Animal venoms are prime examples of adaptation fueled by tandem duplications because of their essential role in the lives—and deaths—of both predator and prey. Snake venoms are among the most well-understood venoms and have several gene families that have undergone tandem duplication (Casewell et al., 2013; Dowell et al., 2016). Snake venom serine proteases (SVSPs) are one such protein family in which genes have been duplicated several times, allowing for great diversity within and between species. From an ancestral duplication of the glandular kallikrein (KLK1) gene, SVSPs have diversified into gene copies with specificity for diverse targets, yielding proteins with potent pharmacological effects and even translational value (Itoh et al., 1988).

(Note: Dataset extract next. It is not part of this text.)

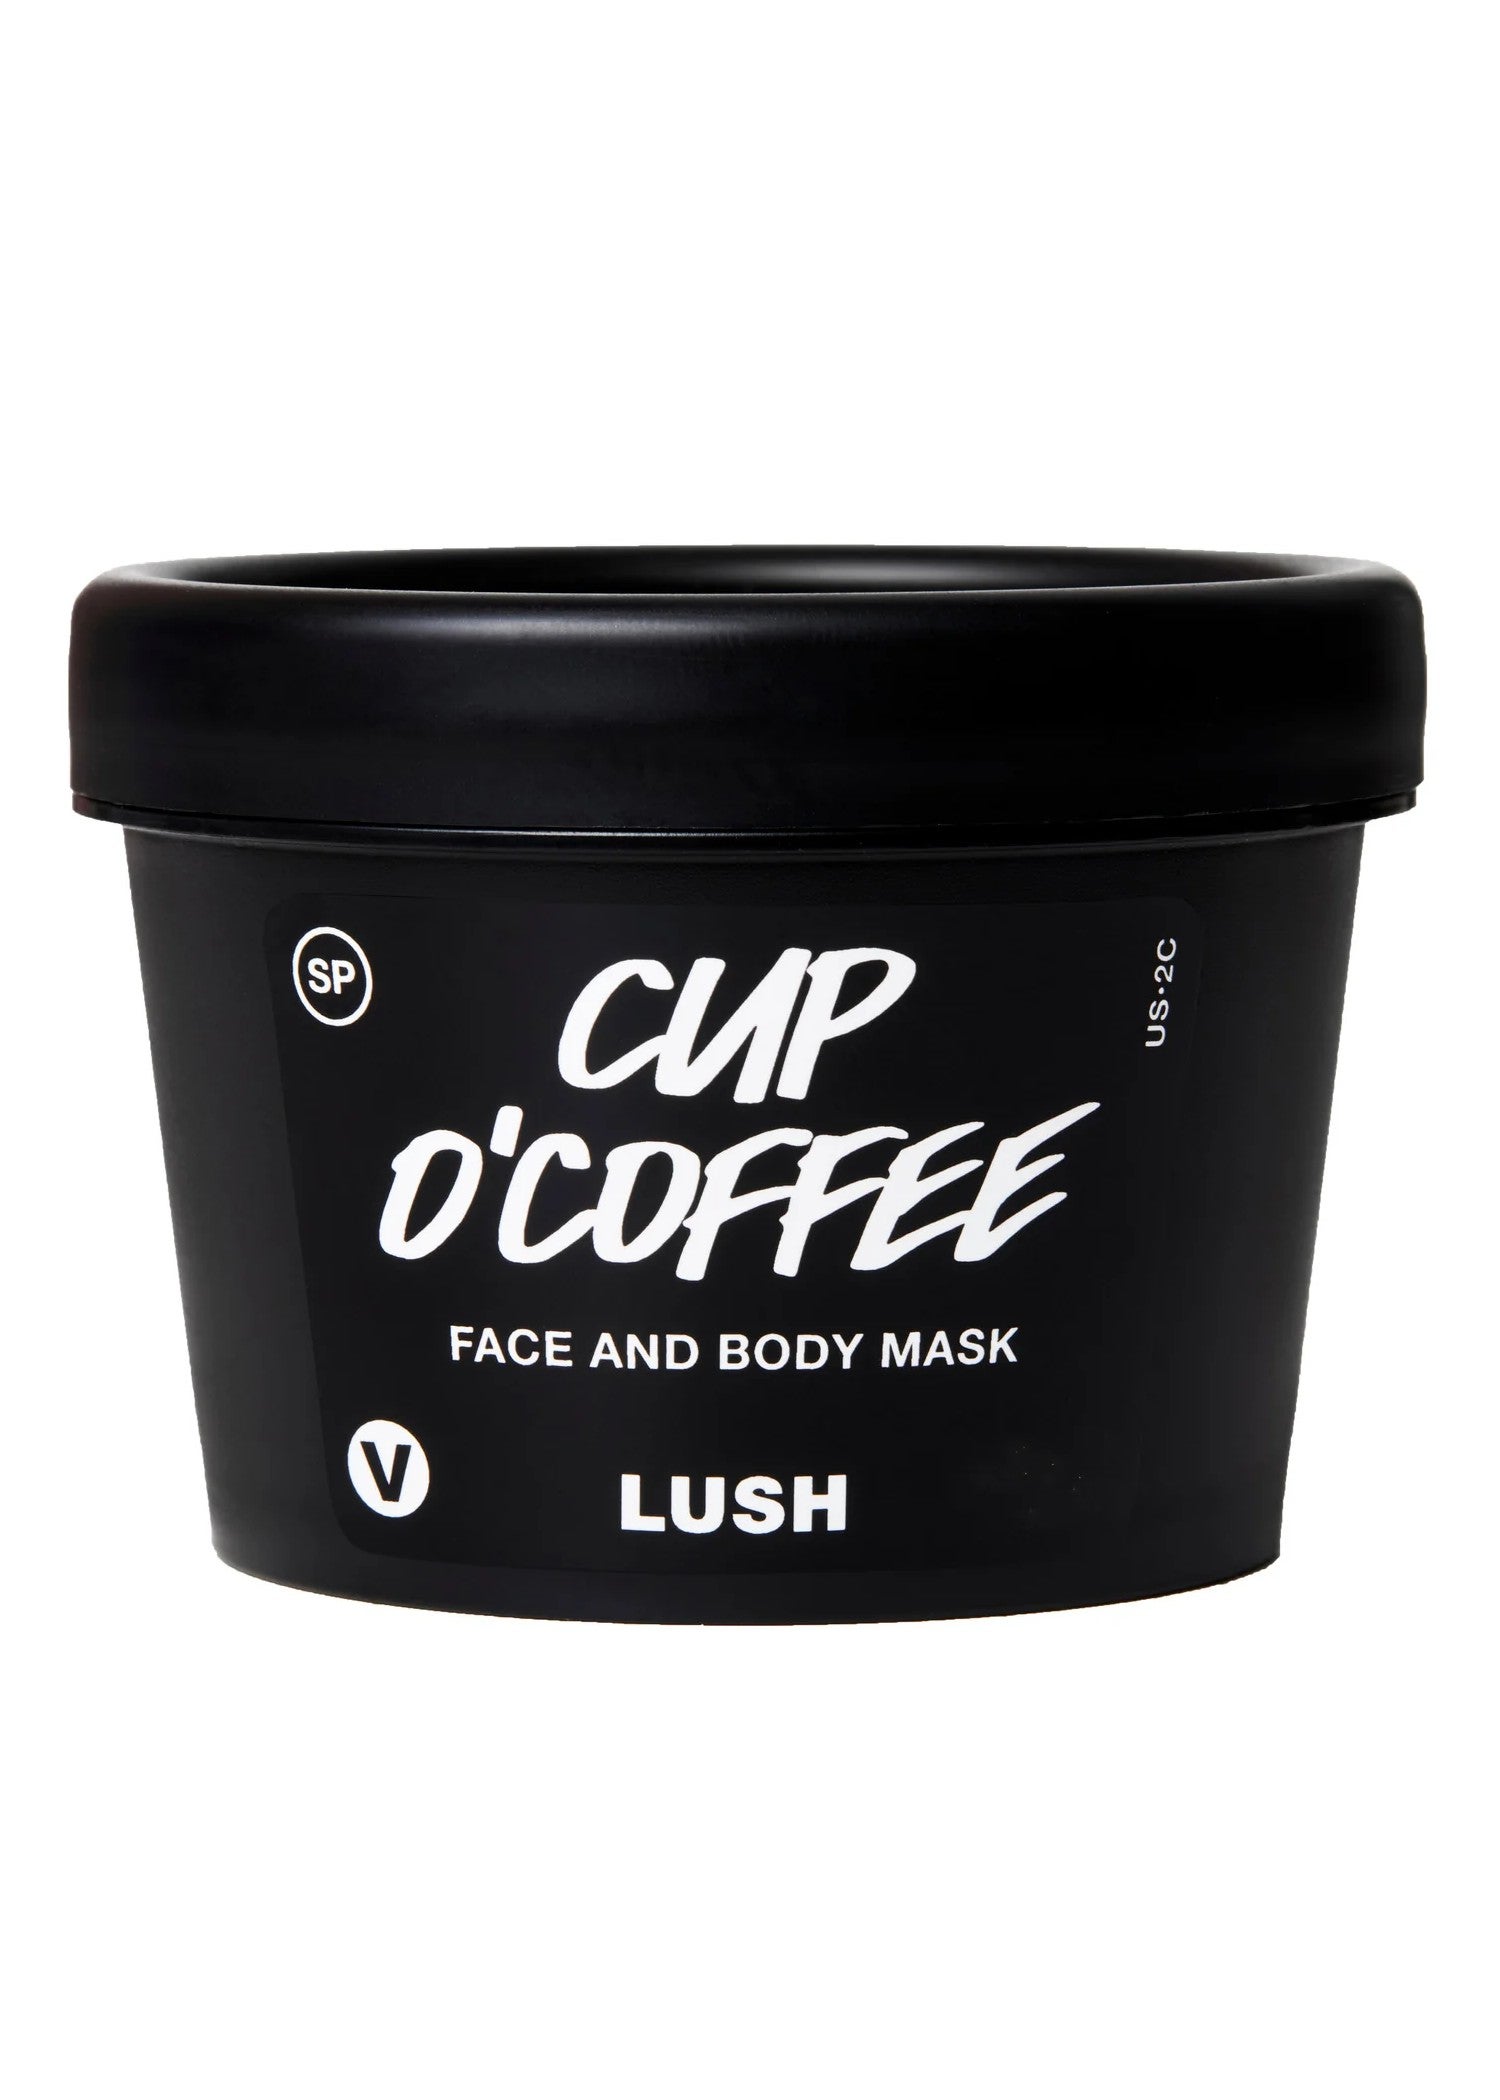 lush cup o'coffee

They have a wide array of functions, many of which affect the physiology of hemostasis in the envenomated species (Markland, 1998; Serrano, 2013).
Consistent with a coevolving system, many natural prey species are highly resistant to snake venom. Wild rodents, for example, are able to survive venom doses hundreds to thousands of times greater than that which would kill a lab mouse (Mus musculus) (Balchan et al., 2024; Perez et al., 1978). Despite the remarkable levels of resistance, we know very little about the molecular basis of resistance to the many venom proteases and how resistance and venom coevolve. Previously identified resistance factors (reviewed in Holding et al., 2016) largely include generic protease inhibitors such as alpha-2-macroglobulin and inter-alpha-trypsin inhibitor (Biardi et al., 2000; de Wit and Weström, 1987; Omori-Satoh et al., 2000).
A possible source of a more specific inhibitor of snake venom proteins is the serine protease inhibitor, or SERPIN, protein superfamily, which contains members that have previously been implicated in venom resistance (Barbour et al., 2002a; Gibbs et al., 2020). SERPINs share a fishing bait-like reactive center loop (RCL) that extends above the main globular body of the SERPIN and, in inhibitory SERPINs, mimics the target sequence of the protease(s) it inhibits (Gettins and Olson, 2009). Within the RCL, residues are traditionally labeled based on their location relative to the cleavage site, with the residue on the N-terminal side of the cleavage site being the P1 residue and that on the C-terminal side being the P1’ residue. When a protease attempts to cleave the RCL of a SERPIN, the SERPIN will attempt to capture and inhibit the protease by forming an acyl intermediate and inserting the RCL into a central β-sheet of the globular domain. Stabilization of the acyl intermediate results in permanent covalent attachment and permanent loss of function for both the protease and the SERPIN (Gettins, 2002; Huntington, 2011; Lawrence et al., 1995). Alternatively, if hydrolysis of the acyl intermediate occurs before insertion into the central β-sheet then the SERPIN is cleaved and rendered nonfunctional while the protease retains function.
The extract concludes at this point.